1975, c’est l’année à laquelle est arrivé mon père à Paris. Il se souvient. Tout était déjà là. Les tours de 30 étages. Les toits des boutiques en forme de pagode. Même ce restaurant immense, le Chinatown, où l’on fête le Nouvel An et les mariages de la communauté asiatique.
Cette année-là, cet ensemble de béton connu sous le nom des Olympiades s’élevait de terre. Des immeubles de 100 mètres de haut construit sur l’emplacement d’une ancienne gare à charbon, mais boudés par les Français qui refusèrent de s’y installer. Quelques mois plus tard, ce quartier vertical fut investi par les réfugiés asiatiques qui fuyaient le génocide des Khmers rouges au Cambodge*. Et tout autour, leurs commerces ont éclos, faisant de ce coin du 13ème arrondissement de Paris le plus grand quartier chinois d’Europe.

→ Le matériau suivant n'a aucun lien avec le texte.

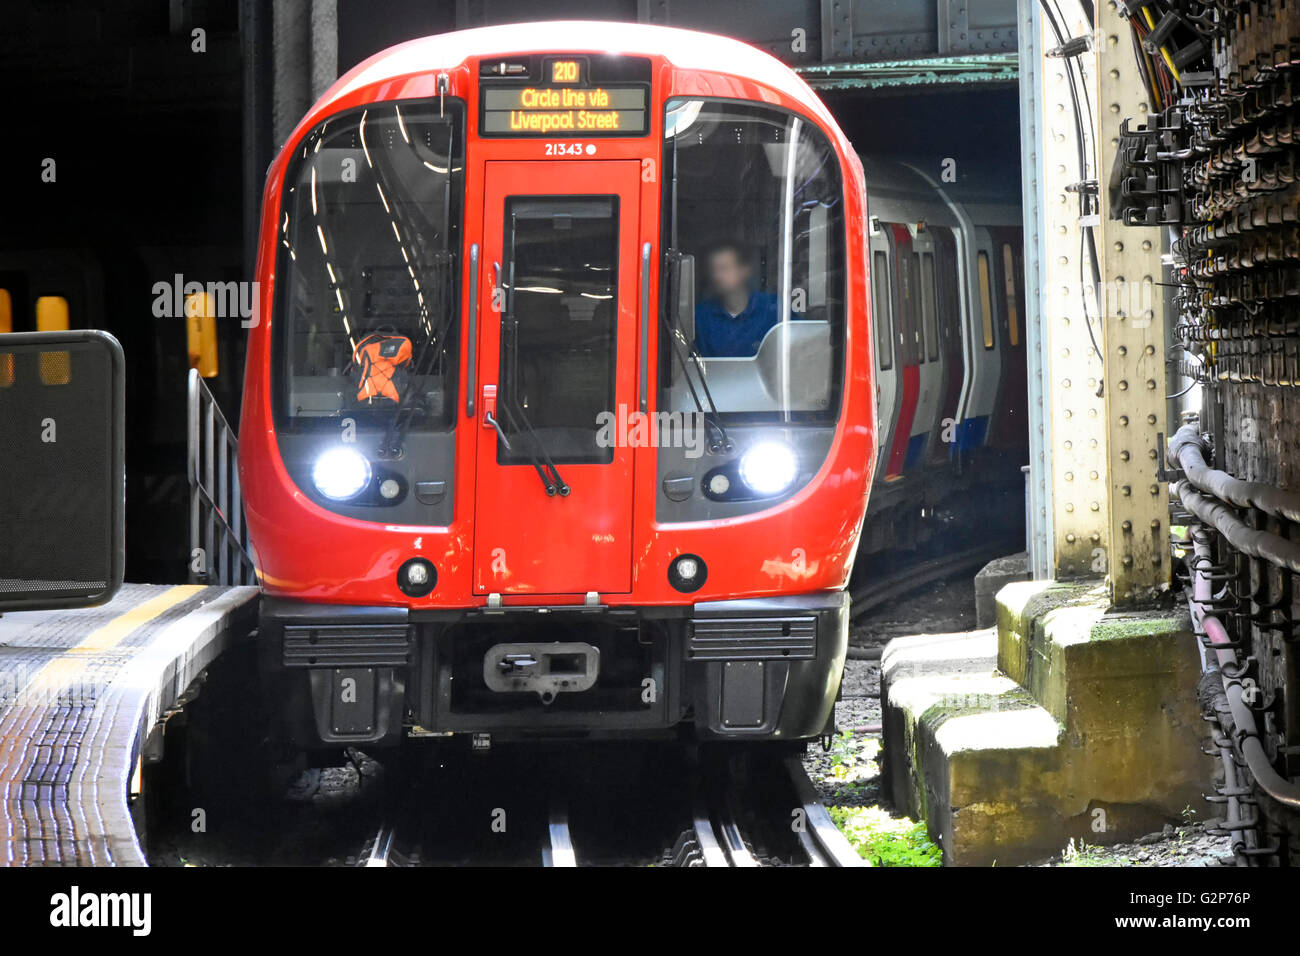 Devant le métro Circle Line de Londres et le conducteur ont caché la face émergeant du tunnel entrant dans la gare plate-forme Angleterre Royaume-Uni Banque D'Images

Défini par un triangle créé par l’avenue de Choisy, le boulevard Masséna et l’avenue d’Ivry, c’est un quartier chinois loin des clichés, habité par des communautés autant asiatiques que maghrébines ou occidentales.
1975 marque aussi l’arrêt du projet des grands ensembles des Olympiades, dont l’urbanisme est remis en question. Sur les fondations avortées, la végétation a émergé, encerclant les tours bétonnées dans une harmonie non calculée.
Je capture ce morceau de ville sur des films Kodak UltraMax. En essayant cette pellicule les premières fois, je la trouvais trop saturée. Ici, elle ravive le rouge écaillé des murs et le côté défraîchi des grands ensembles propres aux années 70. Ici, rien ou presque n’a changé depuis 50 ans.
*L’INSEE recense 20 000 immigrés asiatiques en 1975 et 104 000 en 1982. Parmi ces immigrés, on compte des ethnies du Vietnam, du Laos et du Cambodge, mais aussi des minorités chinoises qui formaient une proportion importante dans les villes de ces pays (Michelle Guillon, Les Asiatiques en France, article de 1995).